I Wade Into the Shallow End of Starting a Business

I started my over at a small business fair in Oakland. The IRS was putting on a little show about home-based businesses and tax law that I thought would be informative.

The IRS has gotten a bit twitchy in recent years about home-based businesses because a lot of people try to use them as an angle. You stuff envelopes in the living room while watching TV and try to take the cost of your home and the cable bill as a deduction — that sort of thing.

So they’ve gotten anal about what you’ve got to do in order to deduct expenses for a home business. In order to deduct, say, a portion of your rent corresponding to the room in your house that you use for an office, that room has to be physically distinct from the rest of the house (walls), it’s got to be used exclusively for business (no crib for junior; no skis leaning up against the wall in the corner), and it’s got to be used regularly for business. And that’s just some for instances — the restrictions go on.

But I found some stuff I can use, and also picked up a lot of informative bits from other agencies that were at the fair.

One question that had been on my mind had to do with California Sales Tax. Its rate these days is 7.25%. But in San Francisco, where I live, this is boosted by four local and district taxes — two for 0.5% and two for 0.25% — to a total of 8.75%. But here’s where it gets tricky.

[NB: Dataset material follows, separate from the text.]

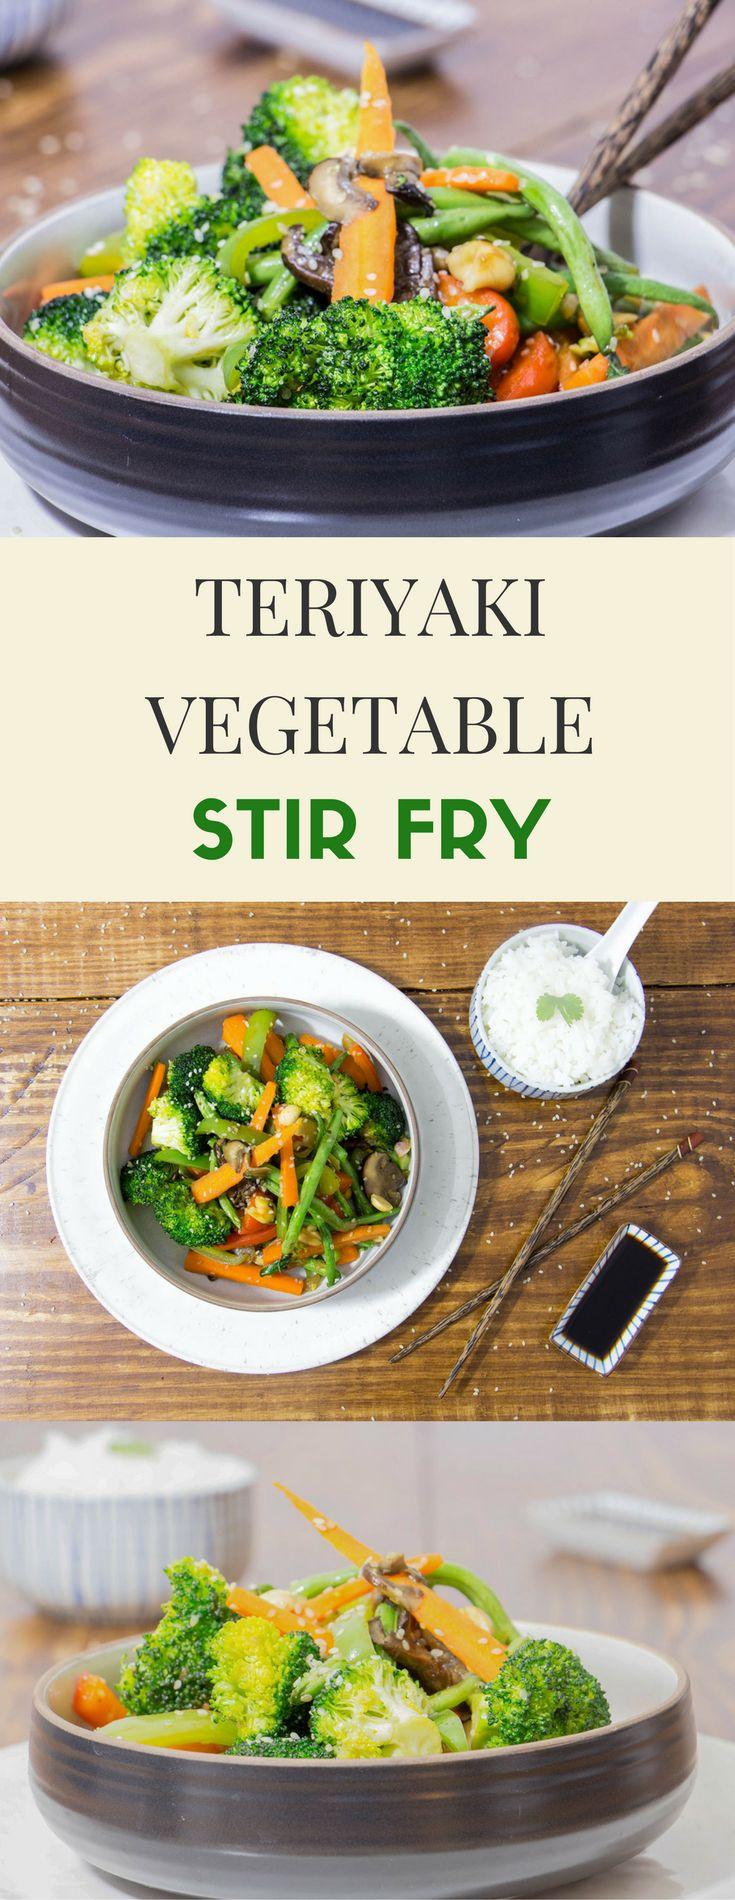 Teriyaki Vegetable Stir-Fry

If you live in California, you know about the sales tax — it gets added to your bill for just about everything you buy. But did you know about the use tax?

I didn’t.

Let’s say you order a book from a mail-order company outside of California and they ship it to your California address. Does that company have to collect California sales tax and hand it over to the California government? No — because the regulation of interstate commerce is a federal thing, and states can’t tax it on their own, so sez the Constitution and the Supreme Court.

So — get this — the California government doesn’t tax the “sale” of the book, but the “purchase” of the book (which does happen in California). You, as a good California citizen, are supposed to keep track of everything you buy from out of state, and pay a “use” tax (the same percentage as the sales tax) voluntarily.

Yeah, I bet that happens a whole bunch.

But anyway, how this relates to me and to district taxes is as follows: The same sort of deal applies within the state of California to these additional local and district taxes. If the sale takes place in the district, all of the district taxes apply; but if the purchased product is shipped outside of the district, you don’t have to collect those taxes.

So, I’m thinking… I live in four of these districts. If I start selling something mailorder, do I have to check a map every time I get an order to see which of those districts my customer lives in?

Well, the answer I got from behind one of the tables today is that for all intents and purposes, the four districts are coëxtensive with the city/county of San Francisco, so I’d charge 8.75% to customers in The City, and 7.25% to other Californians. That’s a relief.


the National War Tax Resistance Coordinating Committee conference started in Santa Rosa. I’d never been to one of these before and didn’t know much about the group or what to expect. There are about 40 or 50 of us, from all over the country, split about evenly male/female, aged from the late 20s to the 70s or thereabouts.

Almost everyone is from the white granola left. Which is to say, this is the kind of group where standing in a circle, holding hands, and singing something by Peter Paul and Mary is an earnest and unironic display, and where to divide up into four smaller groups the immediate suggestion is “fire signs in this corner, earth signs over there, etc.

As tax resisters, they run the gamut from folks who haven’t paid taxes for years to folks who are getting their feet wet by refusing to pay the federal excise tax pennies on their monthly phone bill. Some folks, like me, are doing the income reduction / voluntary simplicity technique. Others are working in the underground economy, doing jobs for cash or keeping their monetary transactions offshore. Some others file tax returns but don’t include any payment, and wait for the IRS to work its way through the long bureaucratic process of seizing money from their bank accounts. One fellow had joined with a bunch of other people nationwide in a constitutional challenge to the tax law until the lawyer who was running the scheme got stomped down by the government recently. He’s trying to figure out his next step.

And so everyone’s got a story to tell. We’re all fishing basically the same stream, but some of us are using flies and some are using bait and we’ve all got our own favorite spots and our own techniques. Now we’re talking fish.


Discuss amongst yourselves: Even if I succeed in reducing my federal income tax to zero, I still will be paying Social Security taxes. Some say that this is just a trust fund that the government oversees, but others say that this money is essentially just another part of the general fund that the government uses. In order to actually remove my support for the government and its actions, would I need also to stop paying the Social security tax?